Information shown:
■ ■ ■

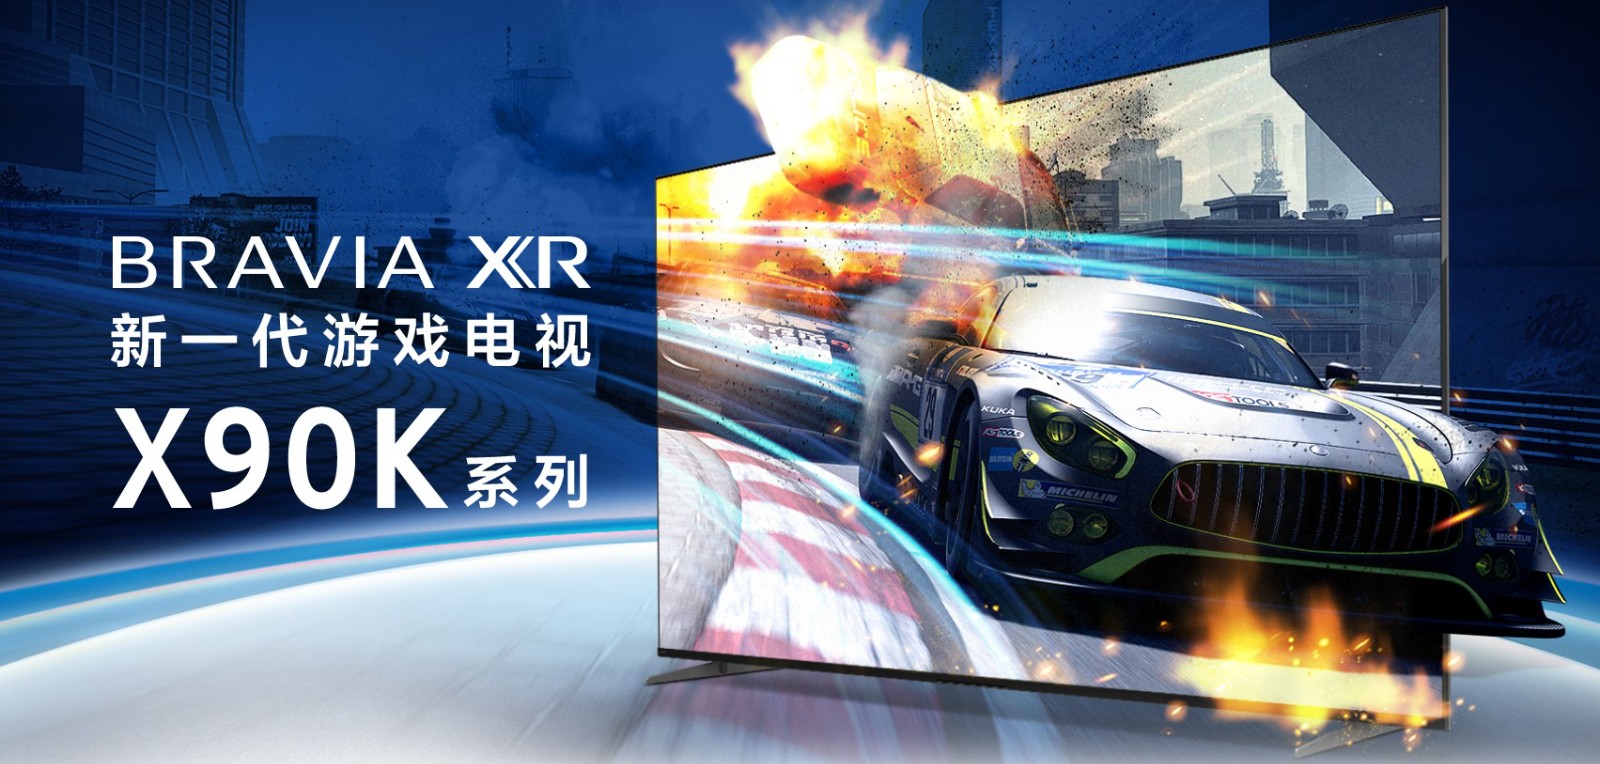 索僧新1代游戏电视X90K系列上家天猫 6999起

■ ■ ■

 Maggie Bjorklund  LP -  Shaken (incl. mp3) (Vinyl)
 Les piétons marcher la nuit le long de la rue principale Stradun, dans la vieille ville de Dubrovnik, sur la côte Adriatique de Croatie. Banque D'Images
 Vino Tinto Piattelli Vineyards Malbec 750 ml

■ ■ ■

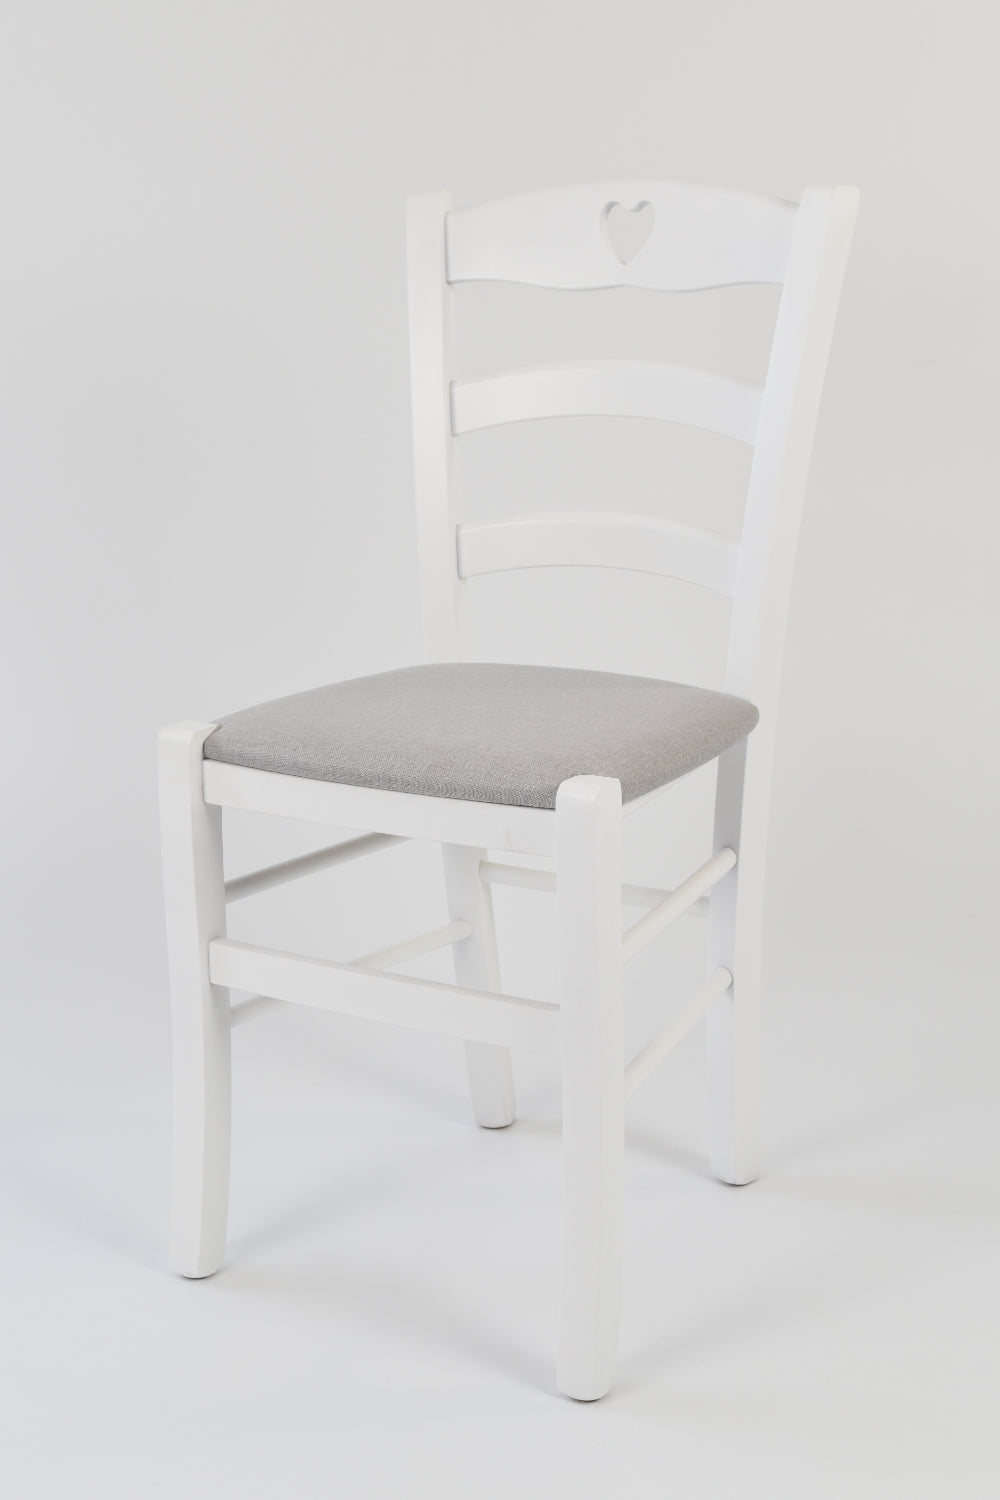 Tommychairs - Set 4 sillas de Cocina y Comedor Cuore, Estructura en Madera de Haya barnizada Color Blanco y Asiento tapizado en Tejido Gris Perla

■ ■ ■

The task: Using the entries shown above, reproduce verbatim the lines from the line bearing "Les piétons marcher" to the line bearing "Vino Tinto Piattelli Vineyards Malbec 750 ml", inclusive.

Response for this exercise:
 Les piétons marcher la nuit le long de la rue principale Stradun, dans la vieille ville de Dubrovnik, sur la côte Adriatique de Croatie. Banque D'Images
 Vino Tinto Piattelli Vineyards Malbec 750 ml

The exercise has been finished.